Warning of a shock outflow of foreign capital from Indian markets by IMF chief Christine Lagard, in case the US Fed chief Janet Yellen hints raising interest rates this evening notwithstanding, Indian market experts strongly believe in four things: The long-term equity bull market will remain intact; Markets may correct anywhere between one per cent and five per cent depending on the quantum and frequency of rate hikes in the US; Every blip should be taken as an opportunity to buy Indian equity; The rate hike may happen in June and it will not be more than 25 basis points (100 basis points = 1 per cent).
As US Fed chief Janet Yellen will read the minutes of the Federal Open Markets Committee today, equity market participants globally will lend her ears to get a sense as to when and by how much will she hike interest rates in the US.
Any hike in interest rates make investments into dollar-denominated assets attractive and could lead to an outflow of US dollars from emerging markets like India into the US, further strengthening an already-strong US dollar.

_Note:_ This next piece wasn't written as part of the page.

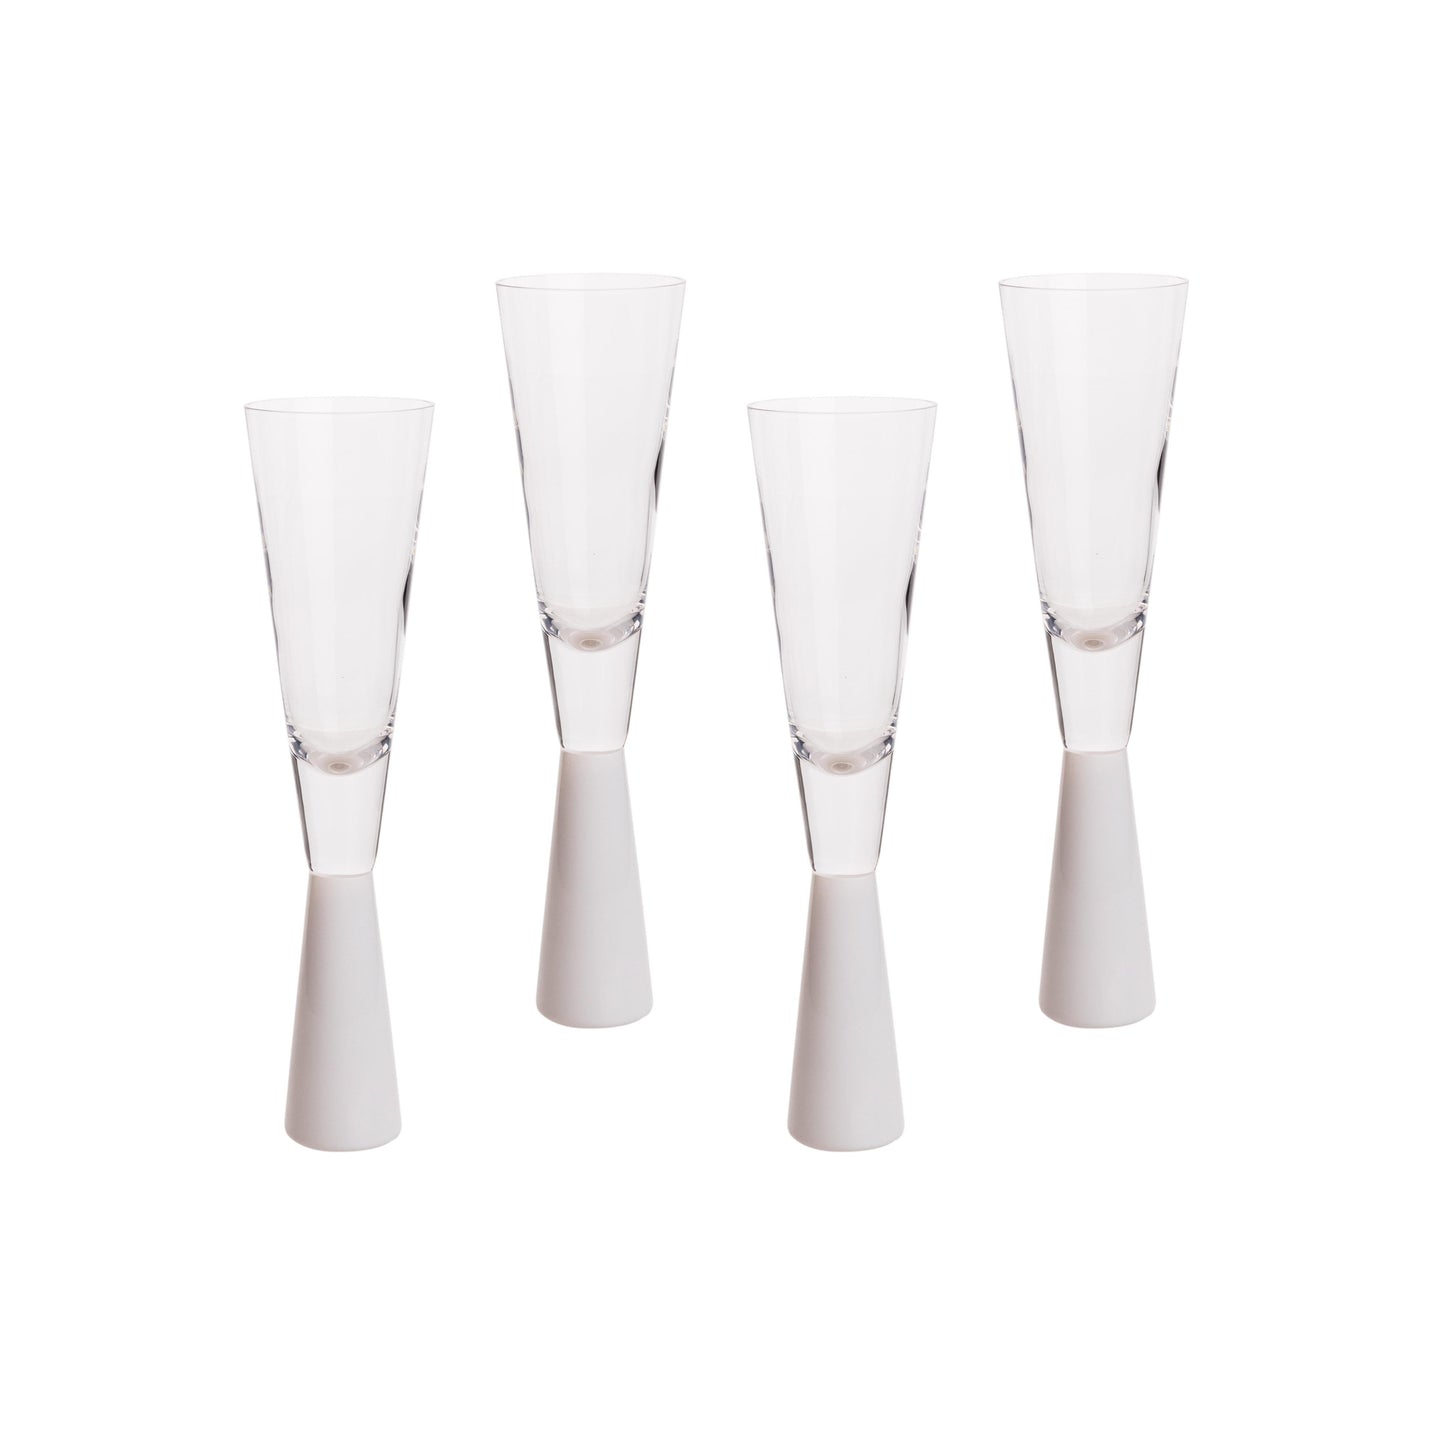 loosha white champagne glasses - set of 4

As emerging market currencies start weakening they induce more capital flight outwards, further weakening them leading to a vicious circle which in 1997 led to the currency meltdown in Asia and subsequently the equity markets.
However, any such situation is extremely unlikely to dawn upon India, feel the market experts Rediff.com spoke to.
Deven Choksey, managing director, K R Choksey, a Mumbai-based brokerage firm, believes that if America is showing some kind of growth then obviously the US Fed will not stay behind in increasing interest rates and sucking out the excess liquidity from the system. But, he argues, the US will not let its currency strengthen vis-à-vis the currencies of emerging markets that depend on US dollars for priming their economies.
“As I see it, America realises that a strong dollar is counter-productive for their growth and it will be in US’s interest not to allow the dollar to gain strength beyond a point,” he says.
However, he warns that in the near term we could see a currency war. “In the near term we are entering an orbit where we will see a currency war largely due to strengthening of the dollar vis-à-vis other currencies. This weakening of currencies could have a huge impact on the different markets of the world,” he says.
At the same time, he is equally confident that the expectation of a high growth rate in India in the next few years has helped us ring-fence an impact of such currency wars.
“I don’t think so,” he says when asked if the Indian economy will be roiled by an impact of a US rate hike and the subsequent weakening of the Indian rupee. “Had there been no growth in the Indian economy the US raising interest rates would have shocked us. But I guess if India’s growth story remains intact, that shock would be absorbed,” he offers as to why India would emerge not too brutally bruised in the next few months.
“The markets will have a reason to fluctuate tomorrow,” he says about the impact of a 25 basis point rate hike by the US Fed this evening. “I think if the Fed hikes rates the market would take a shock till 8500. Importantly, if the rupee depreciates till 64, only in that case can we see the Nifty going below 8500.”